The hearing Thursday will be the first time this year that a congressional committee has taken up the RFS. Likely to be front and center at the hearing are the struggles EPA has had with setting the yearly mandates for conventional ethanol and advanced biofuels through the RFS program.

Congress attached the renewable fuel standard to the Clean Air Act in 2007 as a means of increasing energy independence and lowering transportation’s carbon footprint. Through the program, refiners are required to use increasing amounts of renewable fuels, with the goal of having the amount of non-food advanced biofuels used in the country to eventually surpass corn ethanol.

While Congress laid out targets for biofuel use through 2022, the law requires EPA to issue an annual rulemaking to set the final mandates for most renewable fuels by Nov. 30 of the preceding year. The target for biodiesel is supposed to be set 14 months before the year begins.

EPA, though, has yet to issue final standards for 2014 or 2015 and is also late on the biodiesel targets for 2014, 2015 and 2016. The agency pulled back from a proposal last year calling for cuts to the 2014 mandates after receiving pushback and about 340,000 public comments.

Sen. James Lankford (R-Okla.), who chairs the Senate subcommittee, has been highly critical of the delays and has called for full repeal of the standard. Last December, he grilled McCabe at a hearing on the decision to withdraw the 2014 proposal and vowed to keep pressure on the agency over the issue.

“The renewable fuel standard mandates are unrealistic and have been mismanaged from the start,” he said in a May statement.

In an effort to put the program back on track, EPA late last month released a proposal that would set refiners’ biofuel mandates for 2014 through 2016, as well as the biodiesel target for 2017. The agency said it would finalize the targets by Nov. 30.

McCabe recently called the proposal an “ambitious” plan but one that was in line with market realities.

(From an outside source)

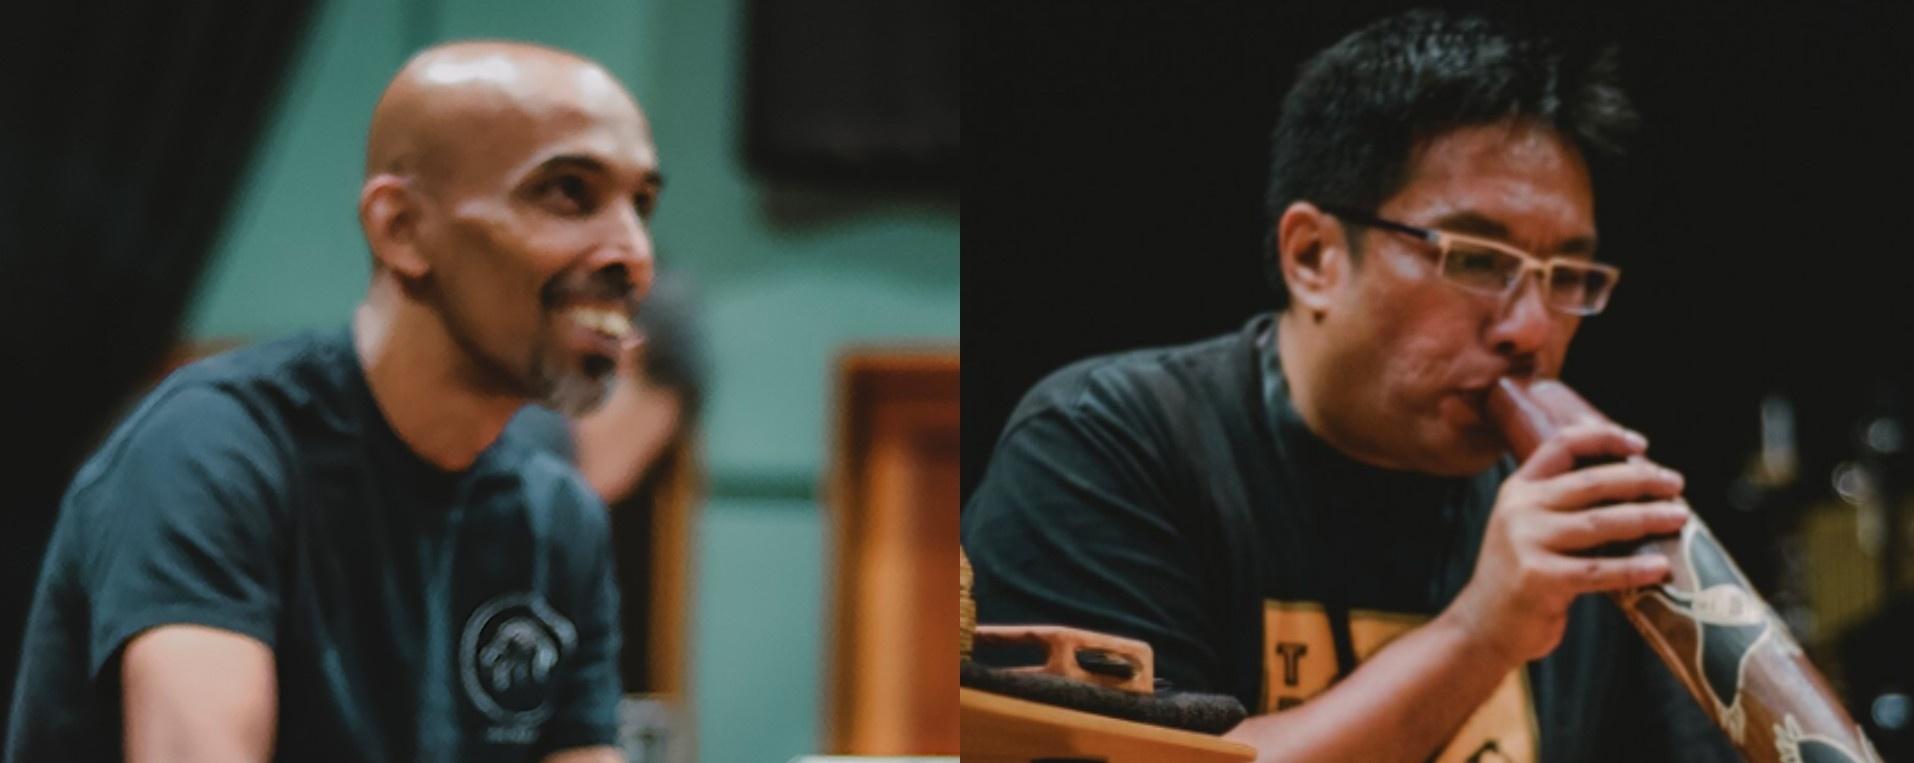 Esplanade Presents: Red Dot August - Listen by Mohamed Noor and Reggie Perera

It calls for increasing levels of biofuels, but falls shy of the numbers that Congress wrote into the 2007 statute.

“The proposed volumes reflect various factors in the market that convince us both that renewable fuels are being produced and used in increasing volumes and that there are limits to amounts of volumes that can be supplied,” McCabe said (Greenwire, May 29).

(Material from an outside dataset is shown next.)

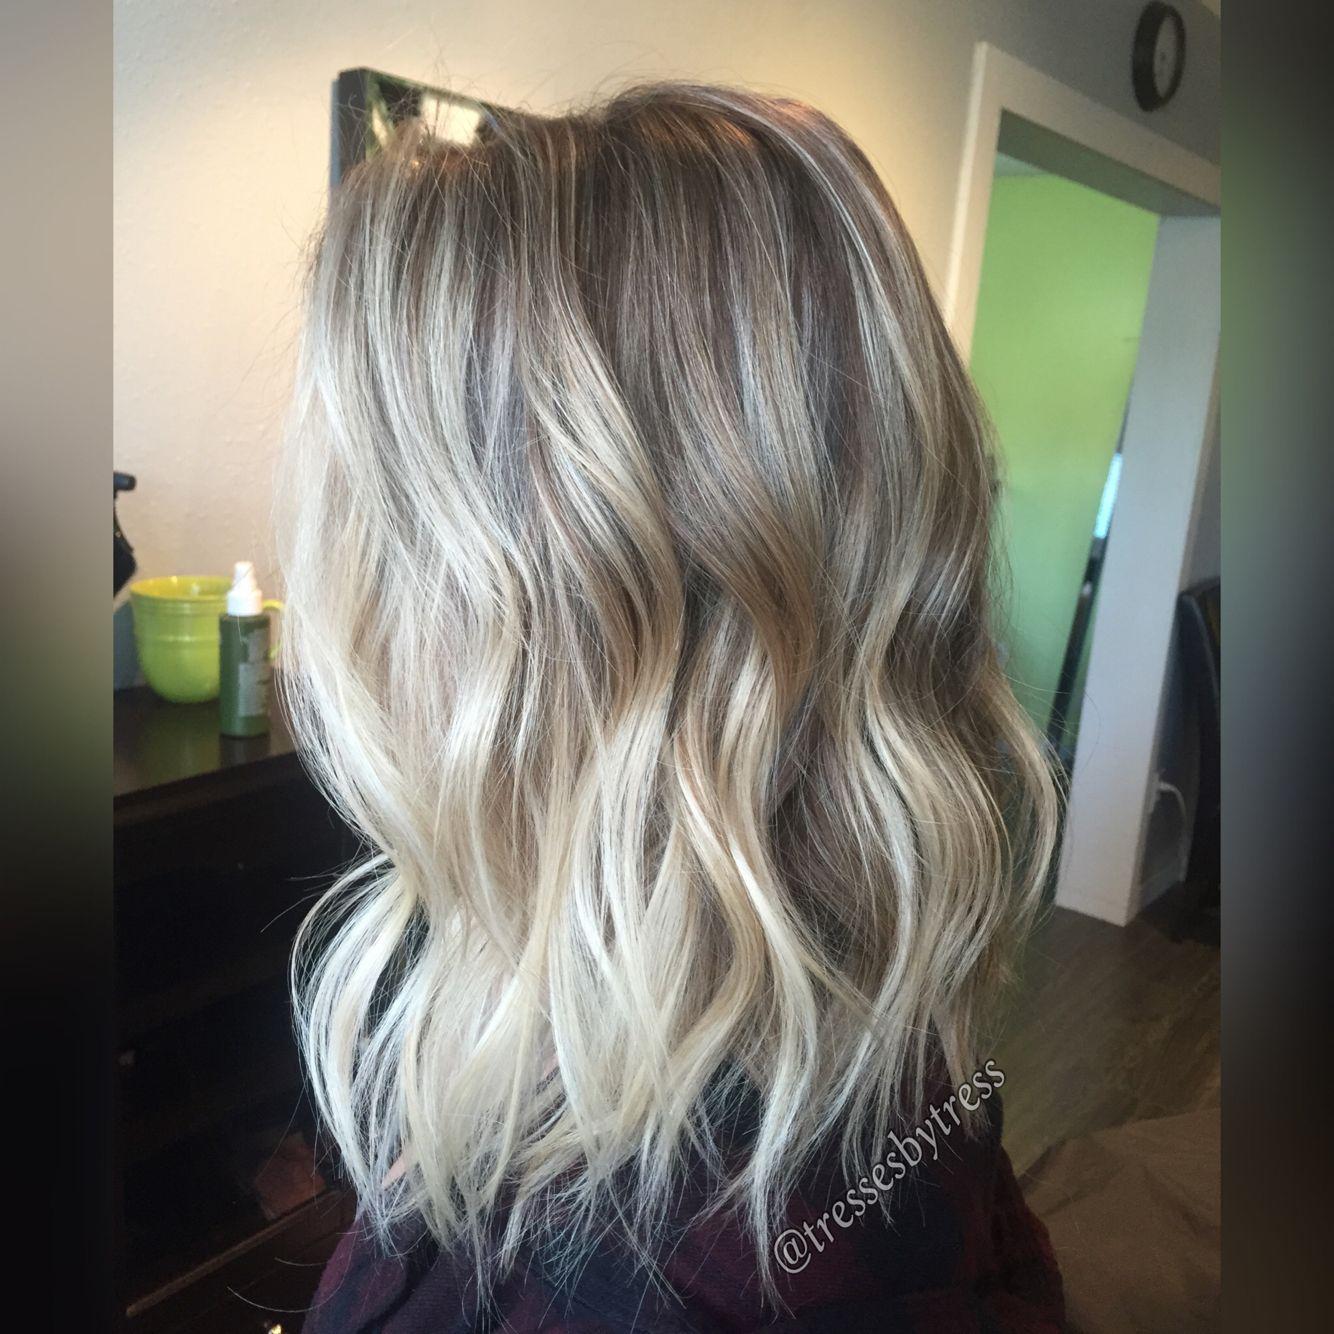 Blonde balayage textured lob #blondehair #blondebob # ...

But the proposal — which was published last week in the Federal Register — has already come under fire by both biofuel producers and opponents of the RFS, and EPA faces an uphill road in the coming months to finalize it by Nov. 30. Industry watchers think the agency will face lawsuits as soon as it’s finalized.

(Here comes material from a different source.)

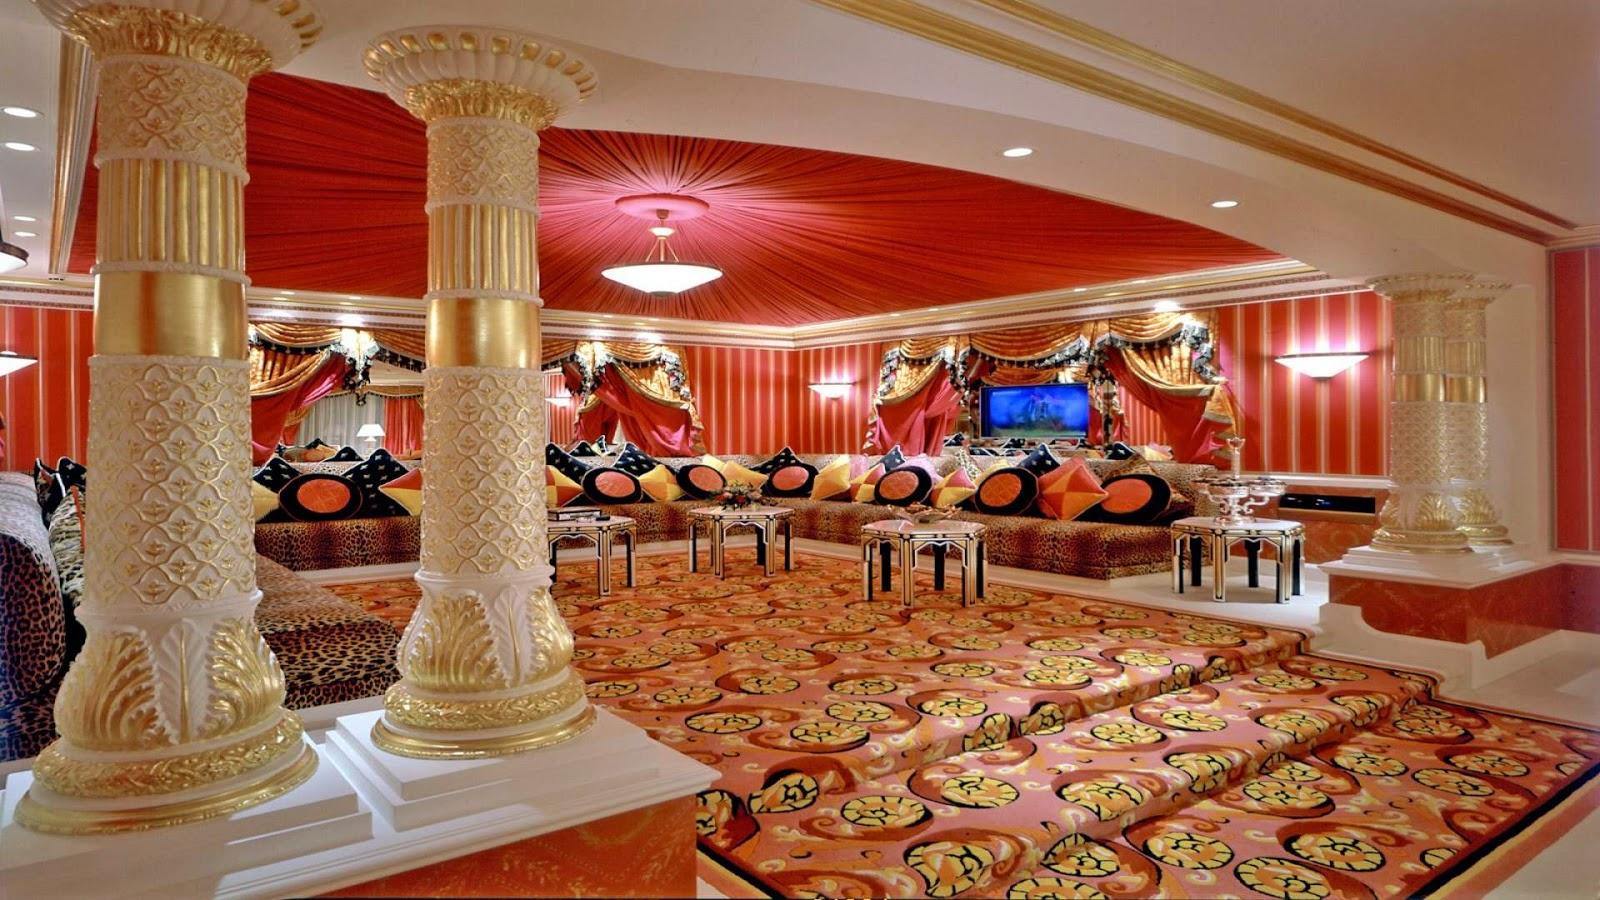 Inside view of Burj Al Arab a seven star hotel.

Biofuel producers have complained that the targets lowball their expected production, while refiners say the proposal will cause them to breach the blend wall, or the technical limit to the amount of ethanol that can be used in gasoline, in 2016.

Lankford said the uncertainty over the annual mandates has created “great challenges for blenders and biofuel producers.”

EPA’s proposal “represents an unattainable increase in renewables into our gasoline supply over the next two years,” he said. “The EPA was tasked by a previous Congress to manage an unrealistic and unattainable program, and it is now Congress’ responsibility to pass legislation to unwind this mess.”

Subcommittee ranking member Heidi Heitkamp (D-N.D.), a strong supporter of the RFS, has also been critical of EPA’s handling of the program. Heitkamp says the agency’s delays have particularly hampered the biodiesel industry, which produces fuel out of soybean oil, used animal fats and cooking grease.

Schedule: The hearing is Thursday, June 18, at 9:30 a.m. in 342 Dirksen.

Witness: Janet McCabe, EPA acting assistant administrator for the Office of Air and Radiation.